Watch Hollywood screw up the classics of sf, part 765

I see that Bridget Moynahan has been cast in the film of Isaac Asimov's I. Robot, as "a psychologist specializing in robot minds". This seems clearly to be the character of Dr Susan Calvin, who is actually the most important character in Asimov's book, although it sounds like she is playing second fiddle to another character played by Will Smith in the movie. This profoundly disappoints me.

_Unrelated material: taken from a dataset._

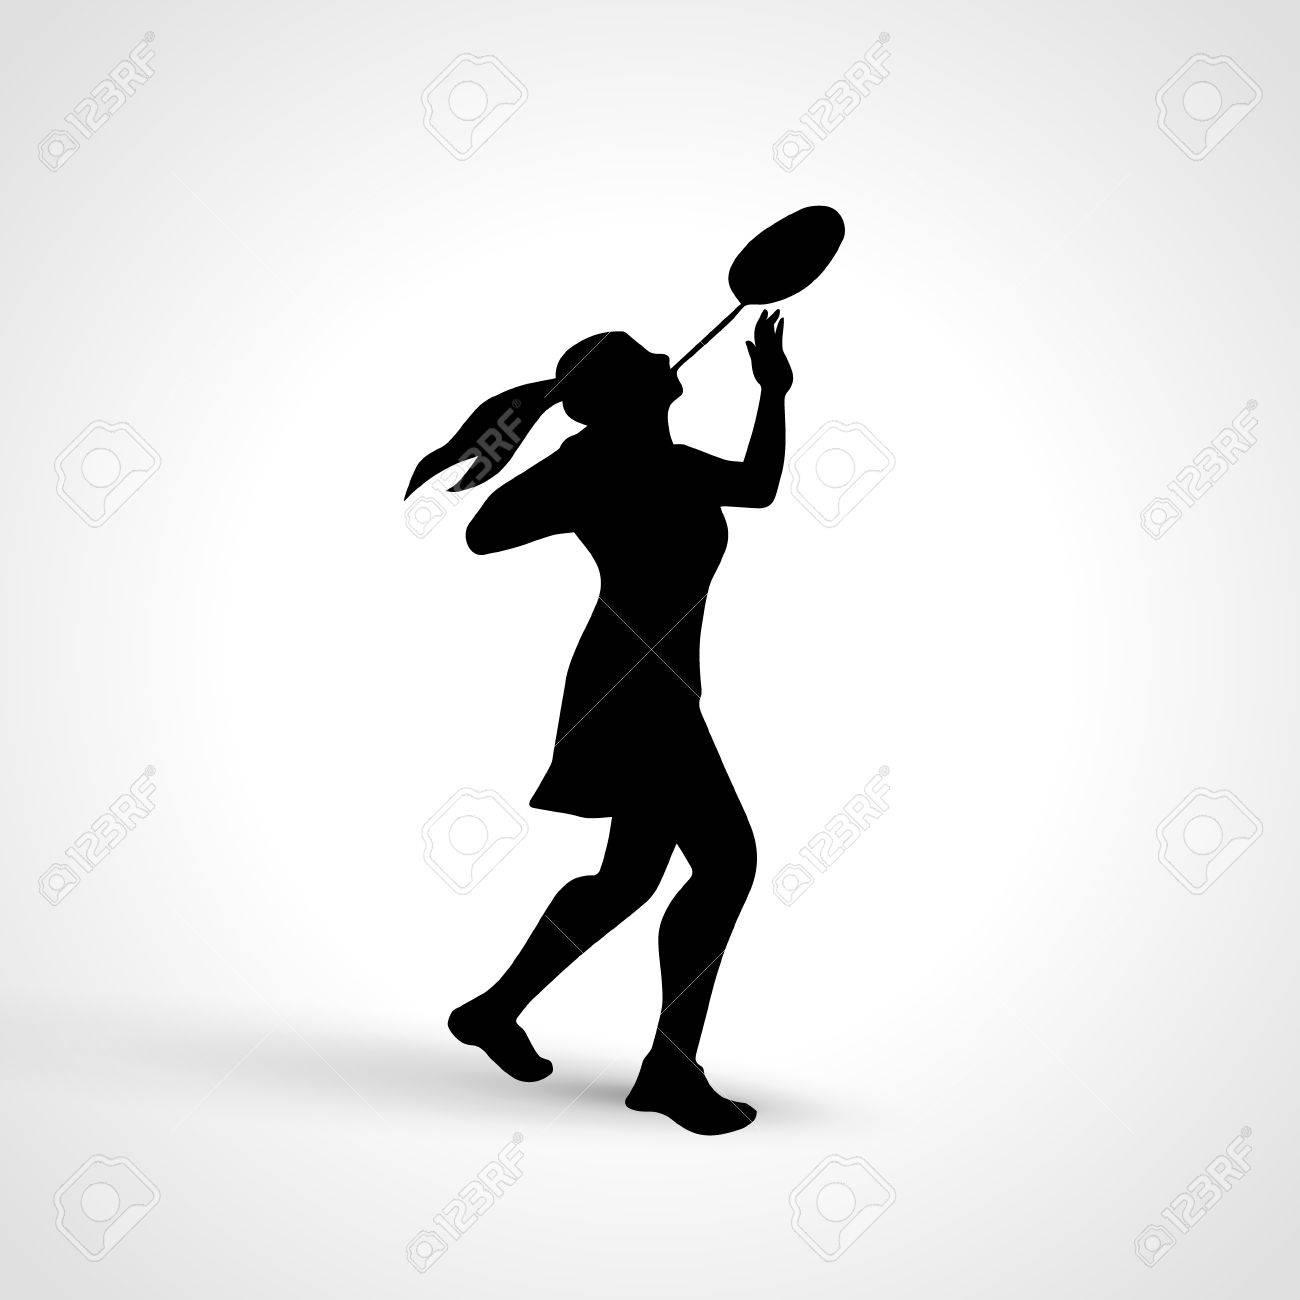 女子バドミントン選手の創造的なシルエットのイラスト素材 ベクタ Image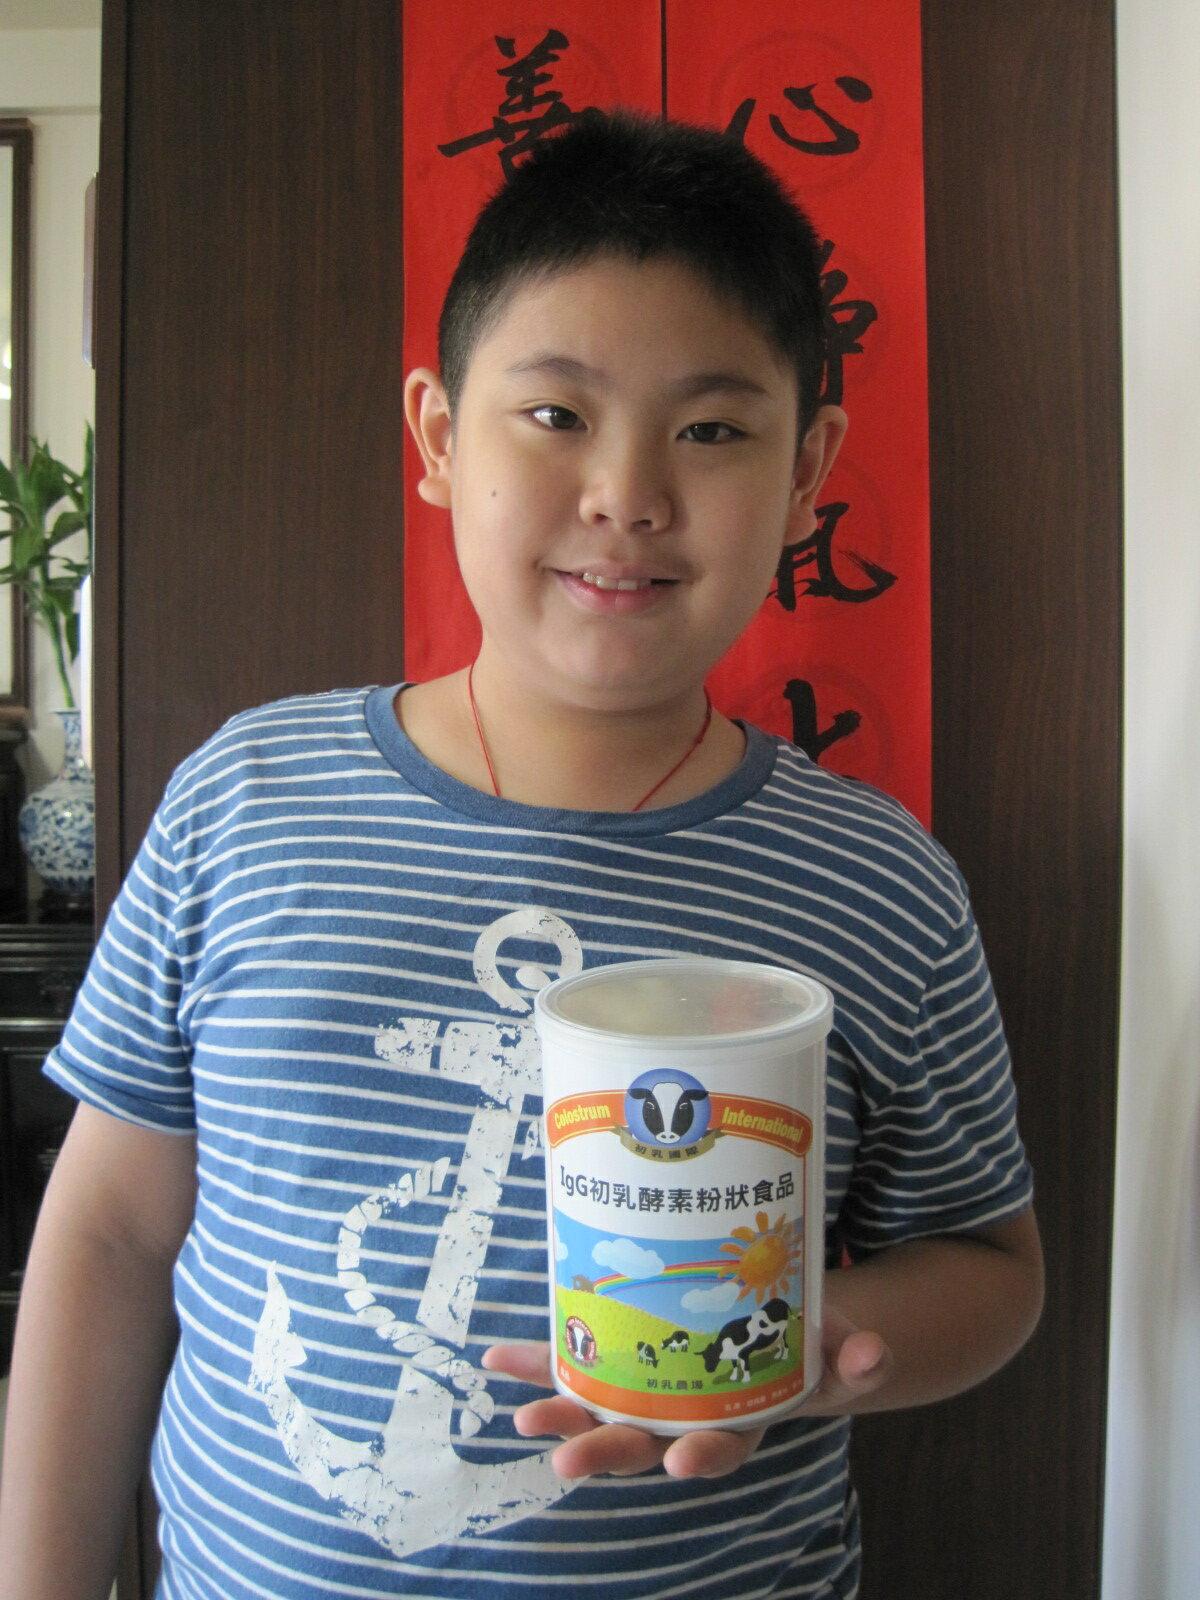 【牛初乳粉狀食品】1罐優惠價86 折 5

Why? Well the character of Dr Susan Calvin in the book is, shall we say, rather severe. She is someone who does not see herself as being sexually attractive and who instead chooses to be intellectually formidable, and who at least tries to convince other people of the fact that she is interested in robots than people. (The irony is that this of course makes her more human rather than less). It is not necessary to cast someone unattractive in the part, but the role must be played without a hint of glamour of any kind. And casting a young and conventionaly pretty female star in the movie (even one like Moynahan who actually can act) is completely wrong. I can't imagine her being able to play correctly the intellectual fearsomeness that is inherent in the character. I would rather someone older, and with more interesting looks. (Thinking about it, I am rather hit by the idea that Meryl Streep could be great in the part. Emily Watson, too, for that matter). I suppose, though, that complaining that Hollywood casts young and attractive actresses in female roles is missing the point of Hollywood entirely. I just really wish that they don't mess this one up.

As I have commented before, I greatly like the work of Alex Proyas, who is making the I. Robot film. However, I have seen Hollywood rip out the emotional heart of one previous Asimov work, due to the story either being too subtle for the filmmakers to understand or too subtle for what they thought their viewers were going to want to watch, and I really don't want to see this happen again.